7 of 105 comments (clear)

  1. I blame the parents by Sciros · · Score: 2, Interesting

    The only way I can see a sale to an "underage" child being reported is by a parent who notices the game being played (or on the floor/shelf/etc.) but not having had purchased it for the child. That is, a parent would come in and say "hey wtf why did you sell this to my kid despite this suggestion by the ESRB that it ought to be played by someone older?" I believe that it's the parent's responsibility to have prevented this to begin with (if he/she cares enough) by impressing on his/her child the importance of being sheltered from fictional violence and swearing.

    GameStop is probably introducing such harsh rules in order to cover their own rear ends when it comes to parents trying to punish the game stores for failing to, essentially, enforce a rule the parents fail to set.

    Being so blindly mindful of the ESRB rating is in my opinion completely irresponsible from any parent's perspective, and I wish GameStop wouldn't respect it as much as they do.

    --
    I like basketball!!1!
    1. Re:I blame the parents by Rydia · · Score: 2, Interesting

      Or we could, you know, all work together.

      What a CRAZY idea!

  2. Re:Manhunt 2 by 14CharUsername · · Score: 2, Interesting

    After the refuse to sell them Manhunt, the kids will then be sitting in a store with $60 in their pocket surounded by video games, 90% of which they can buy. What do you think will happen next?

    This might hurt the sales of Manhunt, but it won't have much effect on Gamestop.

  3. Re:Manhunt 2 by simp7264 · · Score: 2, Interesting

    That is totally fine though, the ratings arn't to prohibit minors from playing these games 100% of the times. It's for the kids to actually have to ask their parent and the parents to be involved in the loop.
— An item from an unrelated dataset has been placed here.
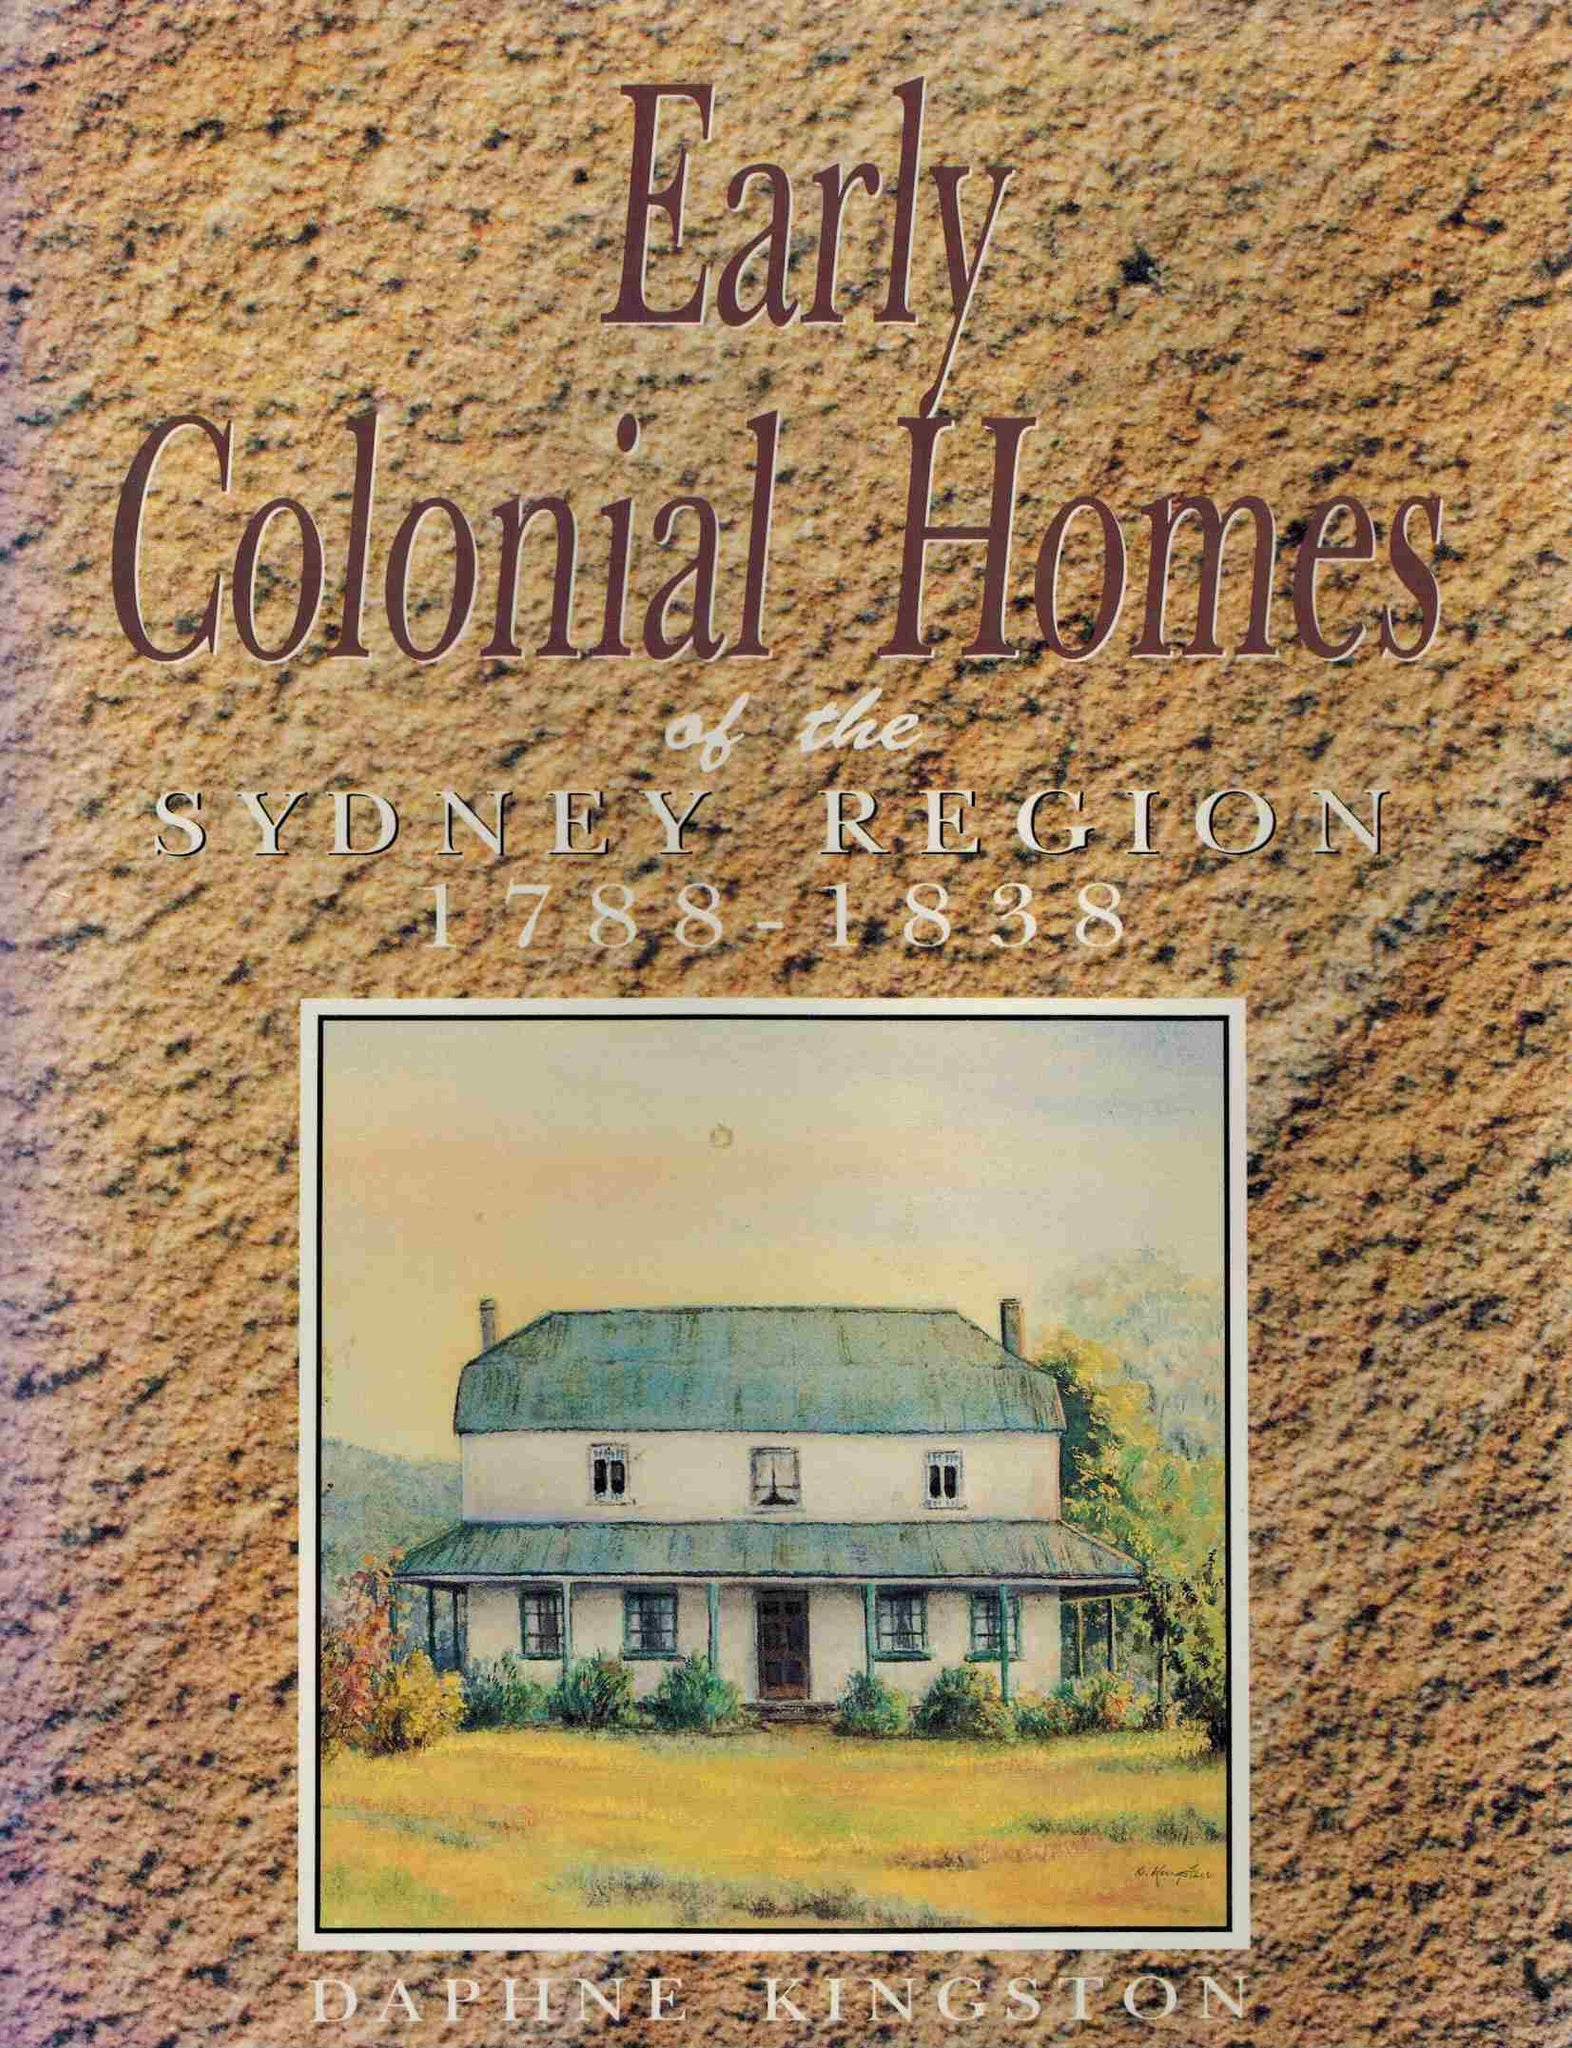 Early Colonial Homes of the Sydney Region 1788 - 1838 - books-new

If the parents don't care, or find it completly acceptable which I'm sure some M games might even be for a 16/17 year old then the rating system has still succeeded. The parents might have still failed though.

  4. Re:Manhunt 2 by amuro98 · · Score: 2, Interesting

    Exactly.

    Most of the ancedotal stories I've heard from game store employees over the years is that when one of them TRIED to refuse a sale of a "M" game to a kid, said kid would get his enraged parent to come into the store and yell at the clerk and his manager for violating constitutional rights. Most stories ended with the parent storming out of the store, vowing never to return. Definitely not a red-letter day for customer service...

    Besides, it's not as though Gamestop is the only way to obtain this game. Kids will learn pretty quick NOT to shop at Gamestop for M games - and they'll figure out pretty quickly a way around this restriction. After all, we have actual LAWS with PUNISHMENTS for selling cigarettes, alcohol or porn to minors and I don't know about you, but I had ready access to all of that - and this was before the internet.

  5. Shyamalan by tepples · · Score: 2, Interesting

    But oddly enough, some of the best films hollywood ever made were under the hayes code. It's interesting to see how much can be infered though innuendo, etc. Now there was some damn creativity. Compare to M. Night Shyamalan's The Sixth Sense and Signs, which say great things in a PG-13 framework.
  6. Yay! Corporate infighting has a new weapon by idiosynchronic · · Score: 2, Interesting

    Just speaking from experience as a retail tool for Musicland Inc., the rules were not there to punish employees who were behaving badly. The rules were there so your bosses could contrive of reasons to fire you before you threatened them, and for underlings willing to subvert the system and get their bosses fired. I'm not saying that everyone who got canned for 'store theft' was innocent, but it was interesting to hear how "a-list" employees and managers would suddenly see a change in fortunes over a few months and then suddenly be fired for theft or other rules infractions.